Once again I found the summit of Upper Wolf Jaw to be much prettier than anticipated, and really loved the view looking back toward Lower Wolf Jaw and the vast expanse as you sit on the ledge and gaze east. The summit was also empty and I lingered for 20 minutes as I took some notes and had half of a much needed peanut butter (on Italian Bread!) sandwich and got near the bottom of my first liter of fluid (with some Mio Energy squirted in). Was on summit by 9:40 and departed just after 10:00. The walk down from UWJ into the Armstrong-Col was uneventful. The view of Armstrong from UWJ leads one, correctly, to believe that it is a short stroll over. Indeed, it’s a bit hard making out the prominence of Armstrong from either side of the mountain. It must be barely a standalone mountain by the rules of what is and what is not a mountain in the ADKs. By comparison, Pyramid Peak, located on the other side of Gothics is clearly more discernable than Armstrong as a stand alone peak, but it is too close and has not enough prominence to be declared its own.

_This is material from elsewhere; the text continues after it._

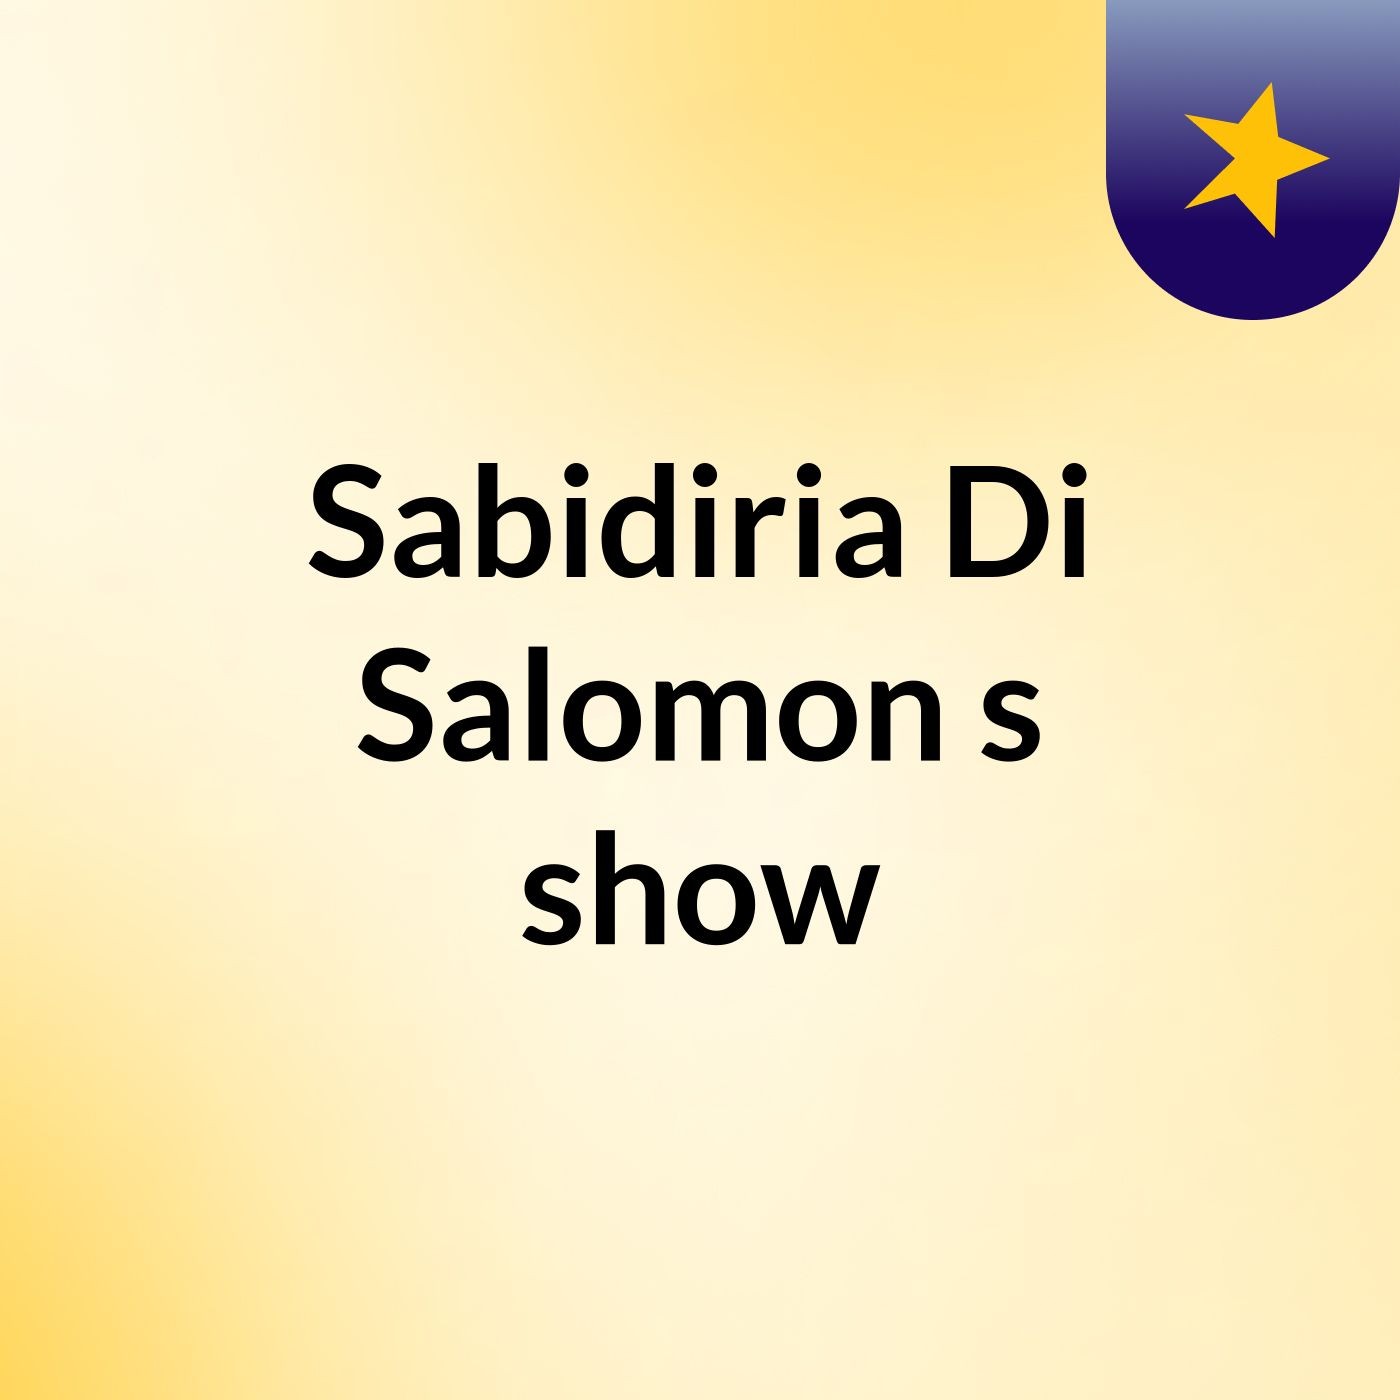 Sabidiria Di Salomon's show
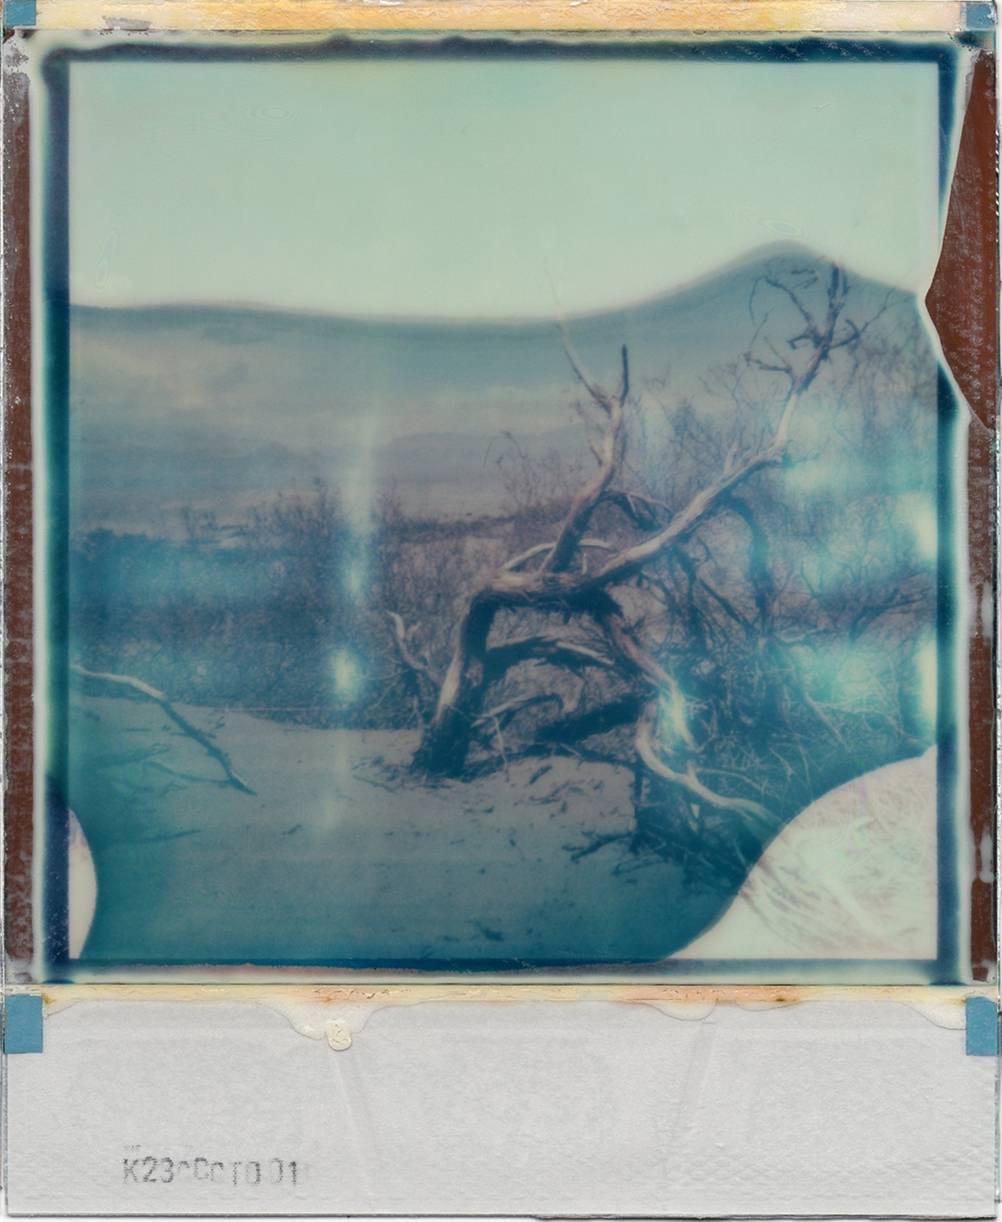 Desert Dream - based on 2 Polaroids - Contemporary Photograph by Julia Beyer

The going was fairly quick up Armstrong and you clearly ascend up the rock faces and cliffs that are visible as you gaze out at it from UWJ. The ladder on the ascent of Armstrong was not nearly as vertical as the one going up Basin (but in my view neither should give folks much pause, they are quite pleasant little climbs), but the scrambling for a hundred feet or so above the ladder gets a bit challenging in spots. This is due to a combination of its being extremely wet and slick on this day, and there being a few spots where my very short self couldn’t reach a couple of handholds that I’m sure some taller climbers made. But it’s always a fun puzzle standing at the bottom of a rock face and seeing the various ways one may make it. A few scrambles, pull ups and even one knee ascent, and made it to the top by 10:35. The weather report for the day was supposed to be in the mid-70s (in Keene Valley) and with mostly sunny for the day (buttressed by days of rain before and after). As I got to the top of Armstrong the usual ADK winds picked up, some darker (but not ominous) clouds rolled in and the temp cooled quite a bit – it had to be in the mid-50s. I still had my long sleeve shirt and long sleeve pants on. And they were soaked from both the very wet trails and my usual sweating – that cooling wind really did make me chilly.

Ladder up Armstrong, the steep stuff is above this

Ladder up Armstrong, the steep stuff is above this

What’s nice about Armstrong as you come over from the Wolf Jaws is that you really get your first superb looks at the bigger portions of the Great Range, and your first terrific look down into Johns Brook valley, including an easy view of the JBL from way up on high. Looking southwest you can see the big rise of Gothics, with a bit of a smile knowing that the first summit of several that are clear up there would be the actual summit (the summit reached via the cable route from Saddleback is further west along the range trail and one does not hit it doing the LGR in this way). Moving over you get a great view of several yawning slides making their way up the appropriately named Saddleback – including the slide that a gentleman I met on the summit of Saddleback two weeks ago scrambled up. There appears to be about 150 yards of thick bushwhack at the top of that slide, which showed itself clearly on the companion from a few weeks’ back. You don’t get the great views of Basin from this vantage point, but those would come in spades in a few minutes. In the distance you can see Haystack and Marcy, and scanning further clockwise you can get a preview of the amazing views you are destined for on Gothics of the Macs and Phelps, Tabletop and further clockwise a view of Slide.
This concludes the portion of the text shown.